Wednesday, August 16, 2006



You know, it's the first week of high school. I don't really expect you to do jack while you're there other than get acclimated.

But right off the bat, it's good to have somewhat of a roadmap to show how to move past the situation you're in right now - high school.

Obviously you're going to go to college, but it would be nice if someone else paid for you to go. Well, there is one easy way to make that happen... Become a national merit scholar. If you can do that, your chances for getting a scholarship are radically improved.

How do you become a national merit scholar? Easy. Just score in the top 2% on the PSAT.

Don't do what I did. I thought the PSAT was a 'practice SAT' test so I totally blew it off. It was a big mistake for me to blow it off because I was left out of the scholarship pool when the time came. I was in all the same classes, doing all the same assignments with the national merit scholars, but they took the test seriously, and I blew it off.
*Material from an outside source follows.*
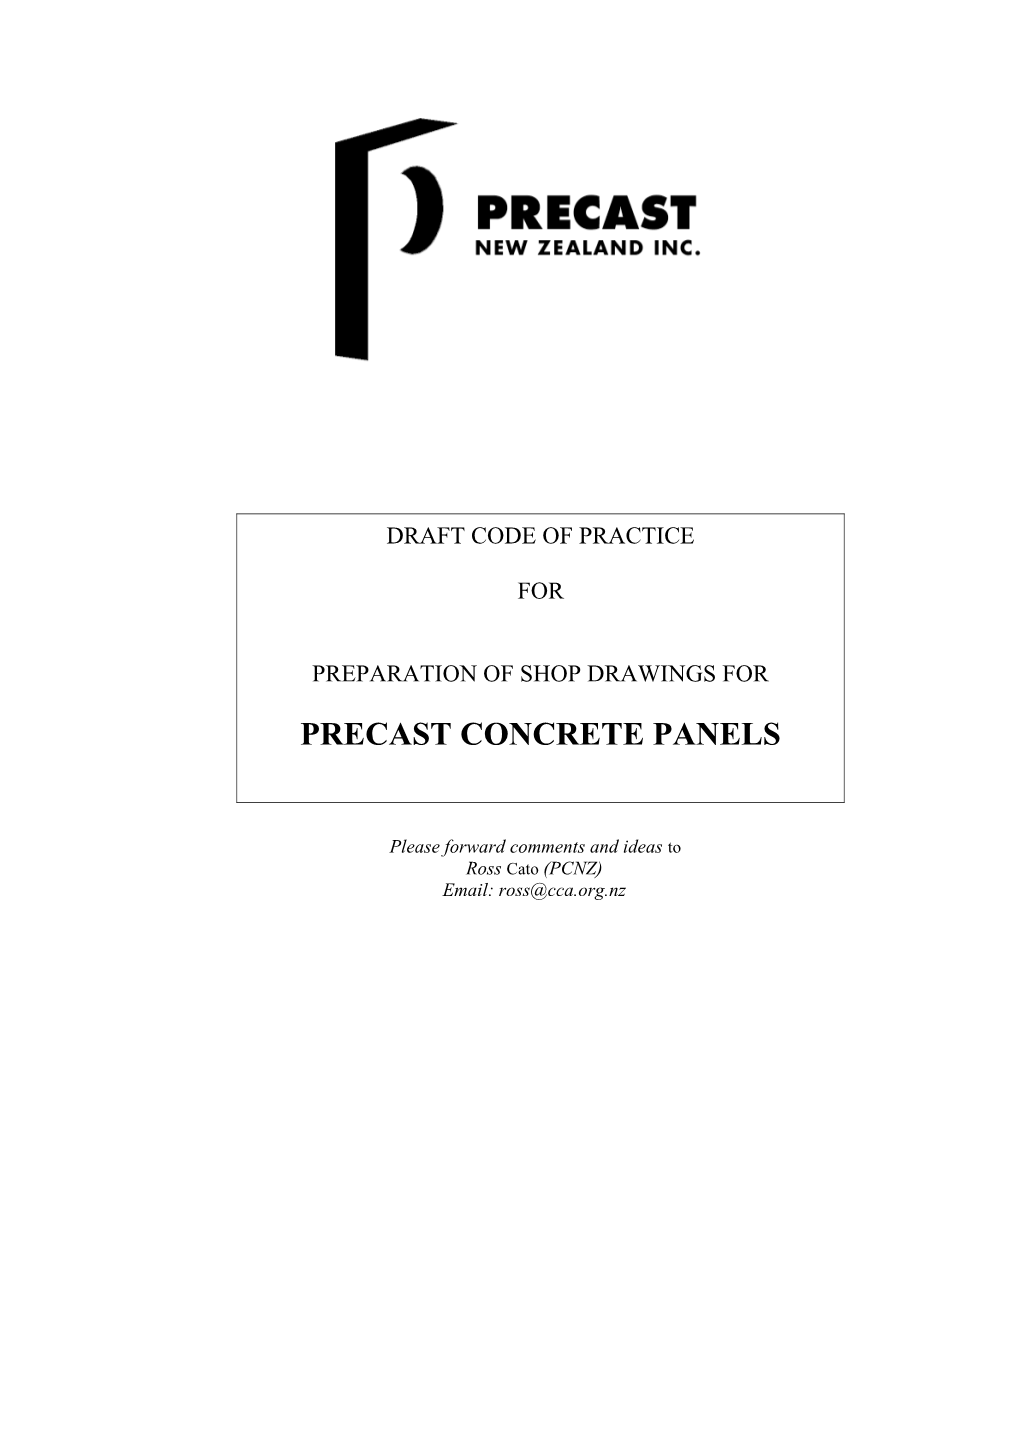 Preparation of Shop Drawings for Precast Concrete Panels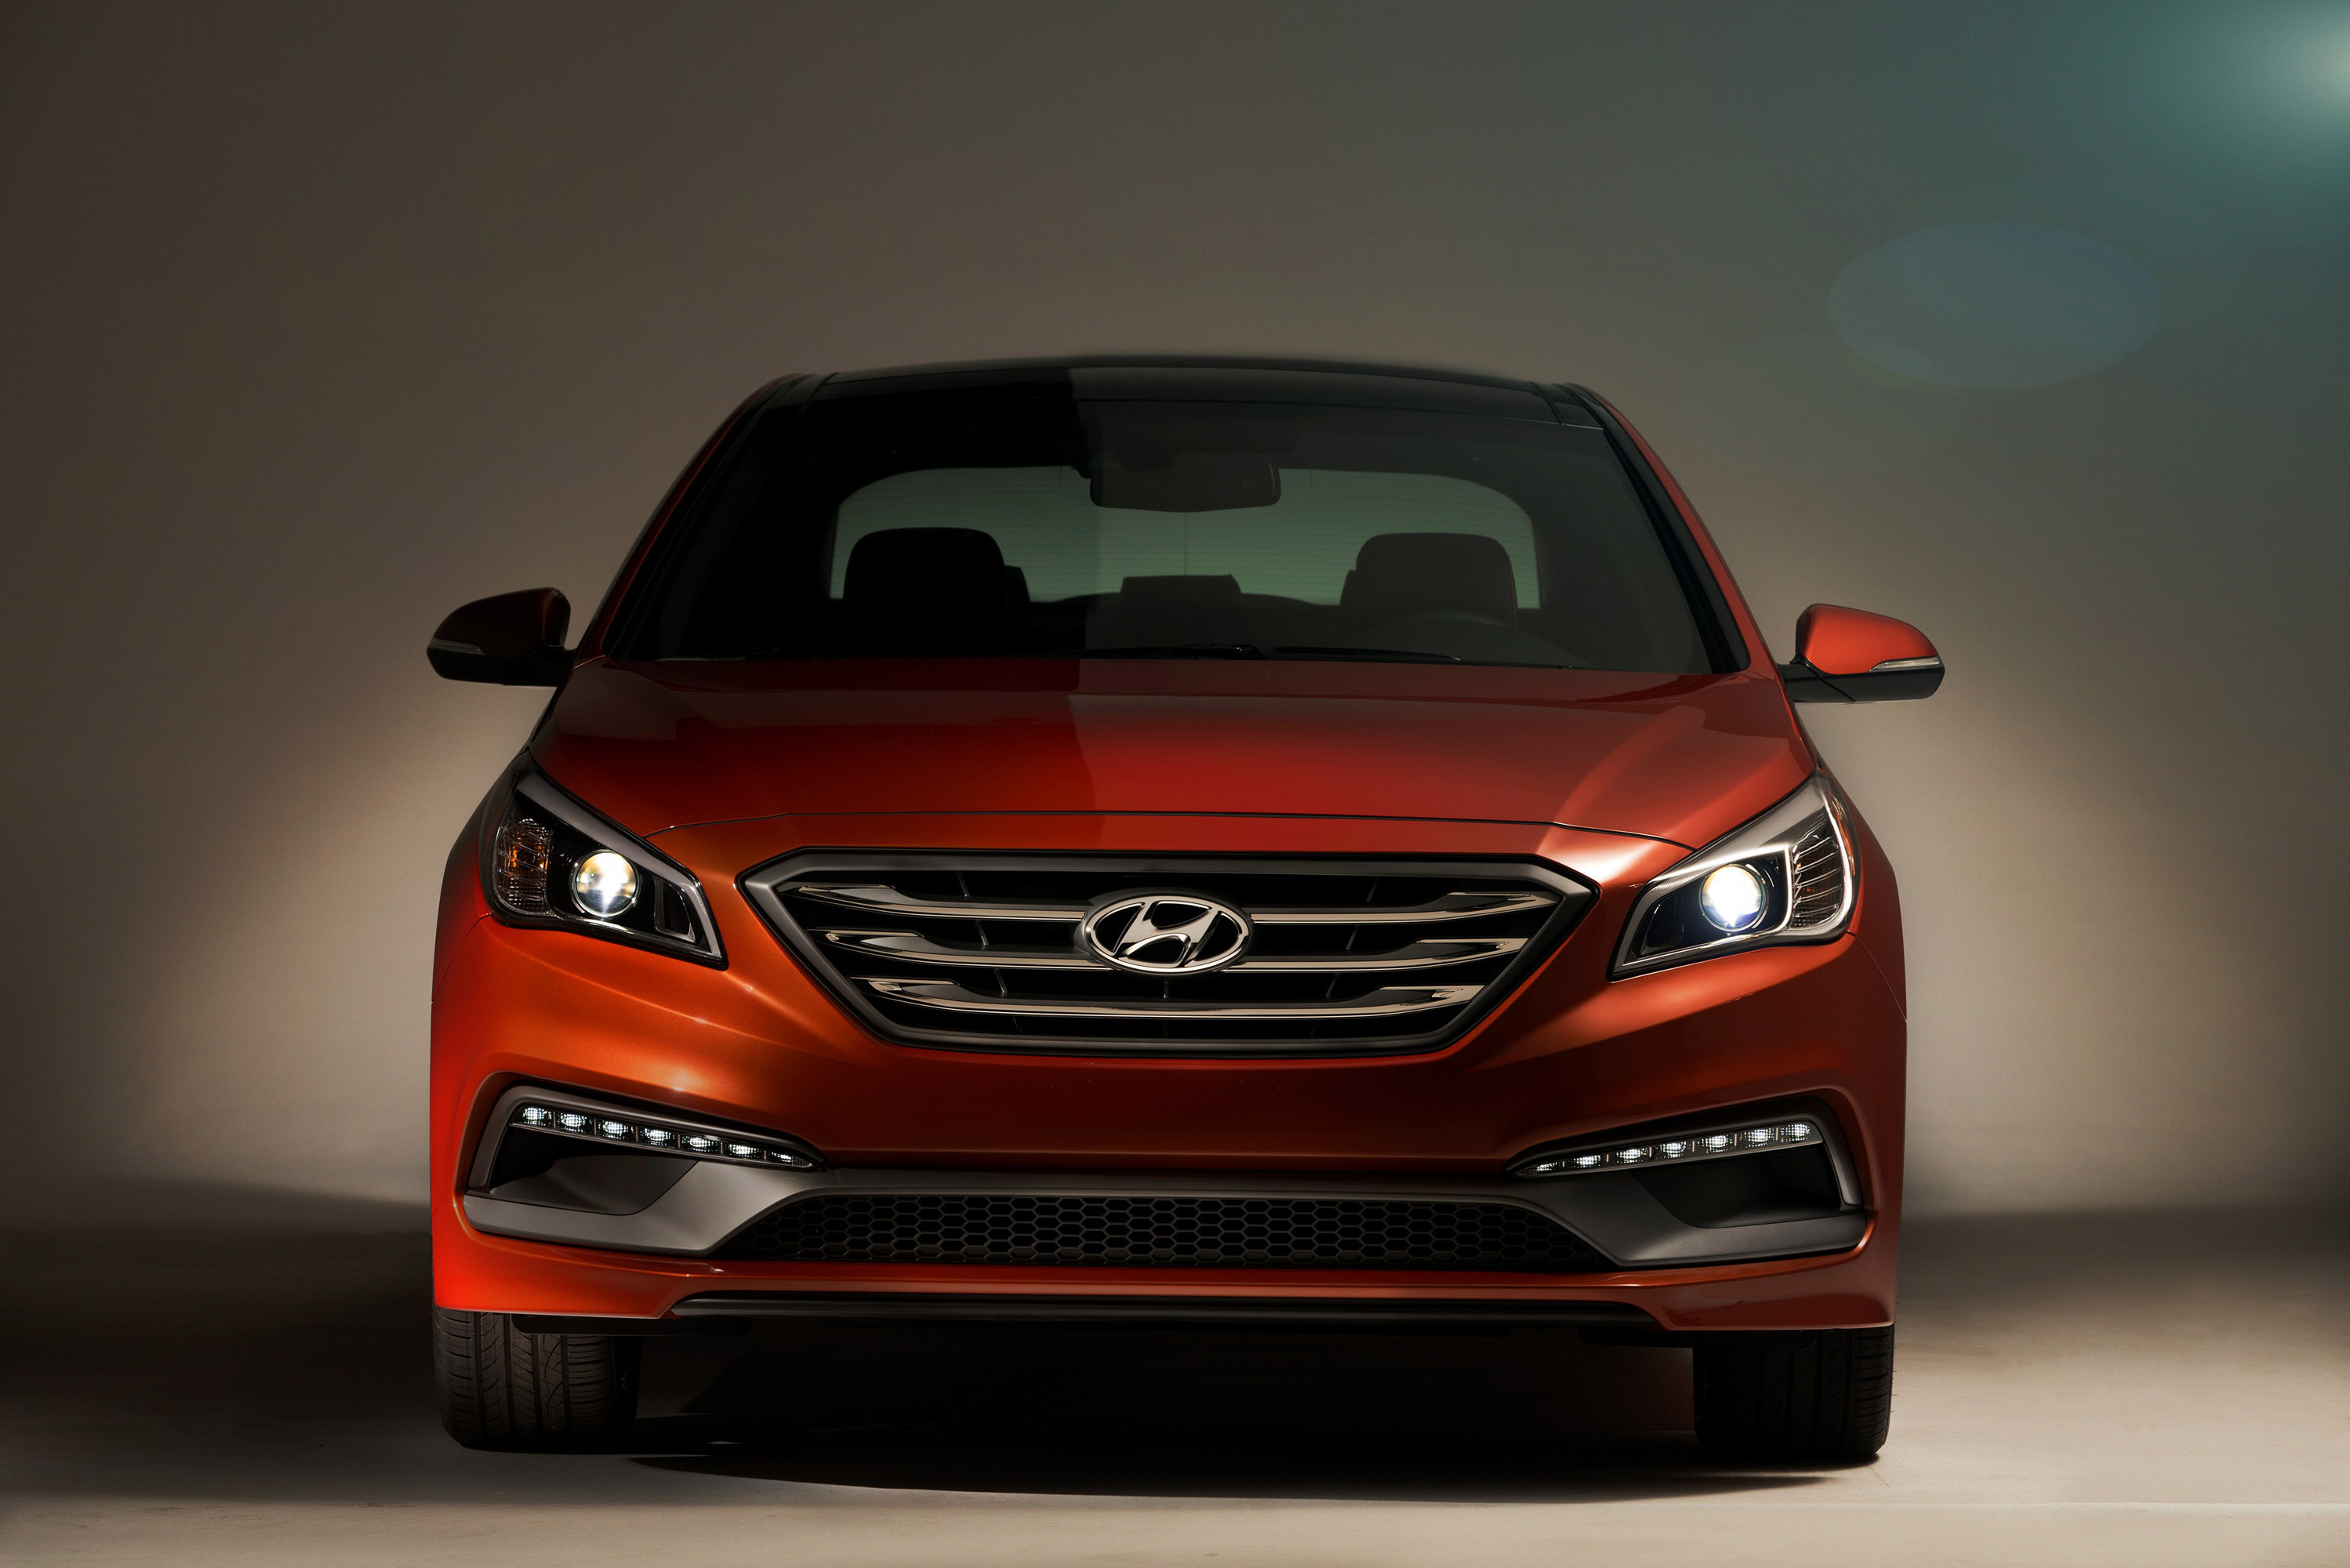 2015 Hyundai Sonata - HD Pictures @ carsinvasion.com

The PSAT is the most important way you will distinguish yourself from other scholarship applicants. The score you're looking to beat is 1500. Get that score and people will beat down your door to give you money for college. You can do it.

But the PSAT isn't until October in your junior year. Why am I telling you this now? Actually I told you this for the first time 2 years ago. The same summer you were living with me in Idaho. I also told Spencer R not to blow off the PSAT that year. The reason I'm telling you so far in advance is the 5 year rule. You see, the first time you are exposed to new knowledge, it goes over your head. You could be hearing the most amazing piece of information, but if its the first time you're hearing it, and your mind isn't prepped, it will go in one ear and out the other.

What can you do about it now? Here's what I reccomend. Go out and buy a PSAT prep book. Take one of the practice tests, and see how you do. Don't worry about what score you get, just take the test and note your score. Think about the one thing you need to focus on to improve your test score, and work on that issue for a few months. Within six to eight months, take the second practice test in the book. Again, you're not even close to actually taking the test, but it's a good idea to get acclimated to the kinds of questions asked on the test. Then when you're in class doing the usual schoolwork thing, and the teacher starts talking about something you've seen on the PSAT, your ears will perk up and you'll know that you need to pay attention.

What I'm suggesting will take a couple of hours every six months or so, but those hours will definitely pay off when its time to apply for scholarships.